Why Study Religion? is a video series in which the CSR asks its faculty, students, and staff what is important to them about the academic study of religion and why more folks should consider pursuing it. Find out more about the Center and its initiatives HERE. To learn more about OSU’s Religious Studies Major, visit our website at THIS LINK.

Why does Dr. Hannibal Hamlin, Interim Director of the Center and Professor of English, think it’s important to study religion? Watch the video below to find out!

Transcript: “I’m Hannibal Hamlin. I’m the Director for the Center for the Study of Religion and a Professor in the English Department specializing in literature of the English Renaissance–Shakespeare’s time. And I’m particularly interested in literature and religion and in the influence of the English Bible on English literature.

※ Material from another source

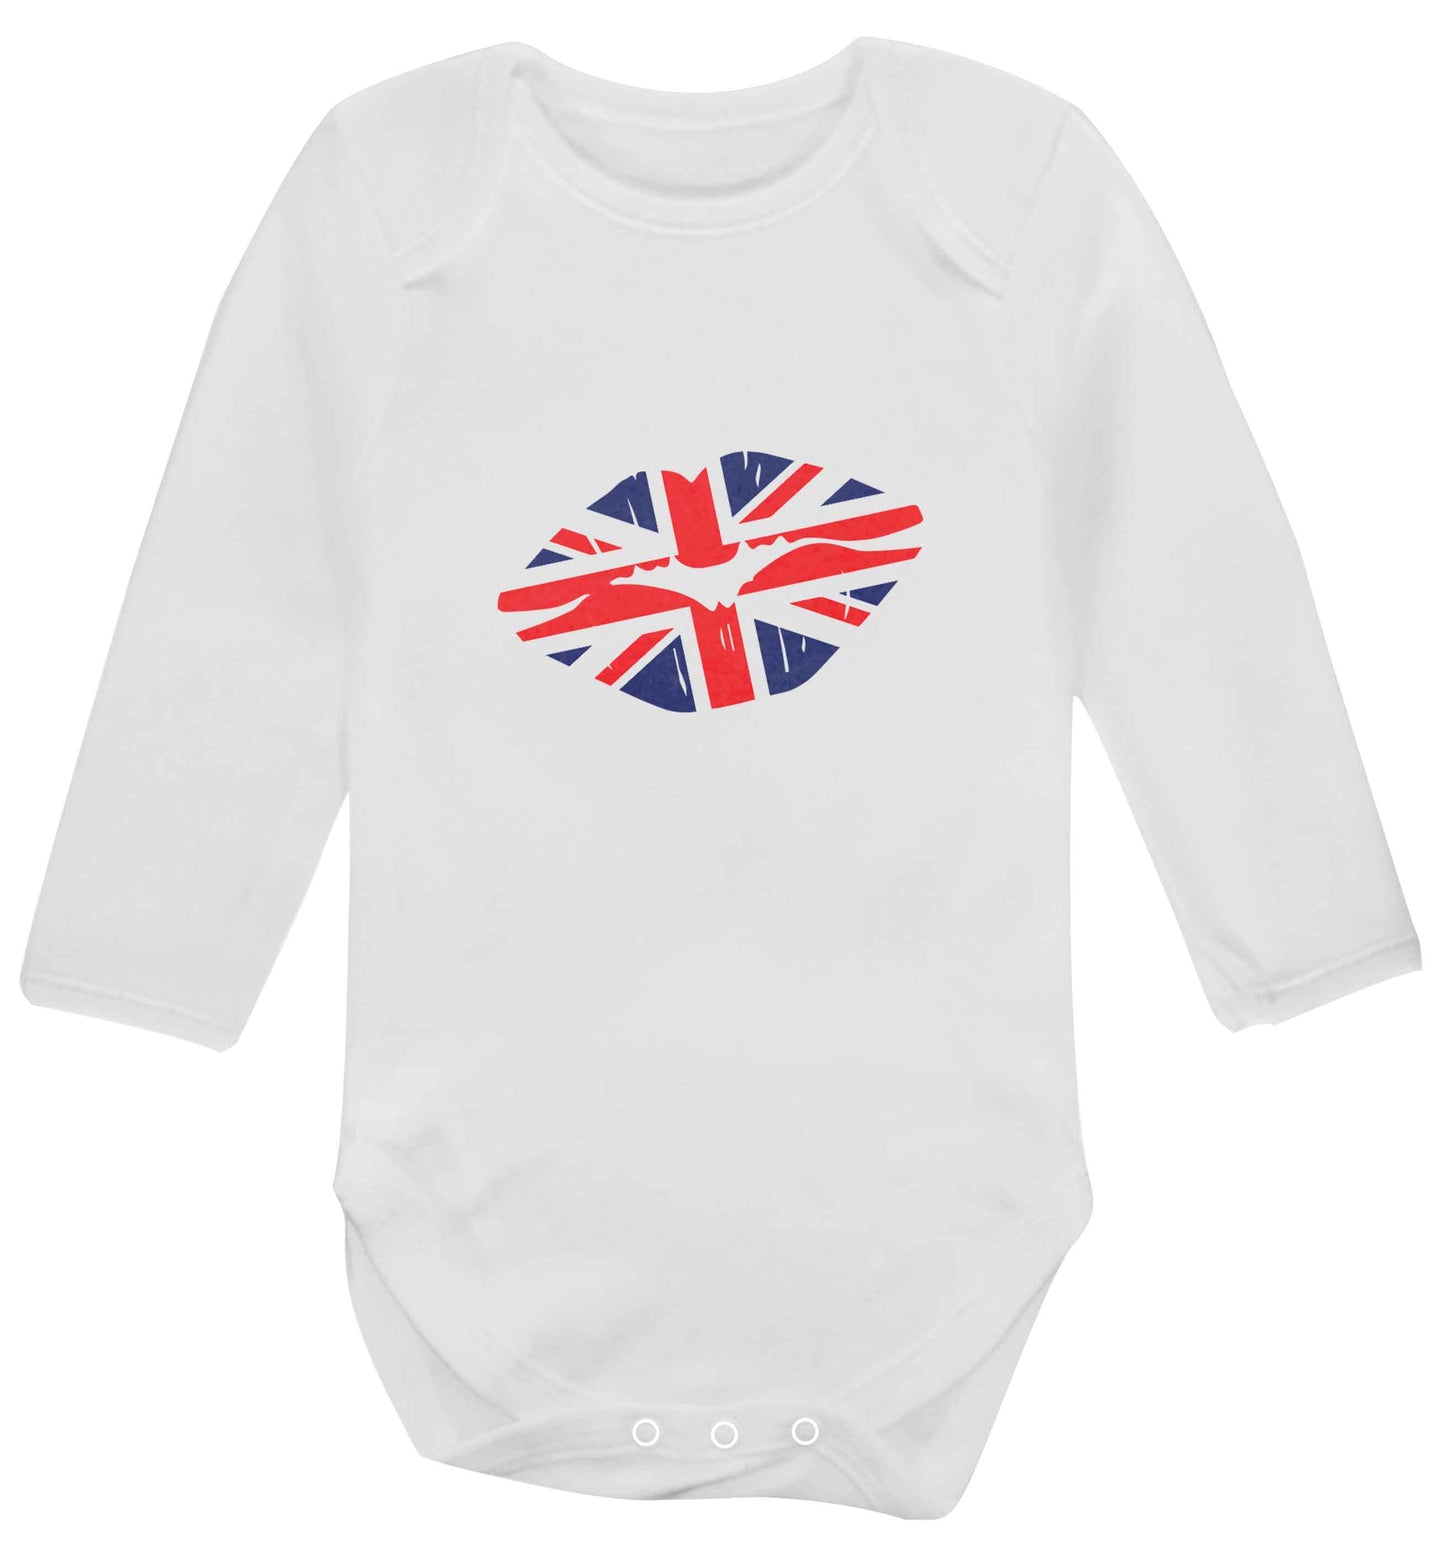 British flag kiss baby vest long sleeved white 6-12 months

“Why study religion? Well, in my particular period, in the English Renaissance, everybody was required to attend church by law. And there was only one Church–the Church of England. After the Reformation, there was a minority Catholic population, but religious belief and practice was virtually universal. And religion gets at the heart of what people think and believe, what they hold to be most important. It’s not just a sort-of ‘weekend thing;’ it touches every aspect of life in the period I study. And you’d be hard-pressed to find any work of literature that doesn’t, in some way or another, connect with religious questions, religious ideas. Salvation, sin, and death. More broadly speaking, religion is still a central part of so many aspects of people’s lives across the world. The majority of Americans are believers, are practitioners in one religion or another, and that percentage increases as you go across the world. And centers like Pew [Research Center], or people who keep that sort of data, tell us that over the next decades, that percentage is even going to increase. Religion simply gets at the heart of what is most important to people. Life; death; life after death, if you hold that sort of belief; sin; salvation; love; grief; forgiveness: all of these things connect to religion, and so, why not study religion?”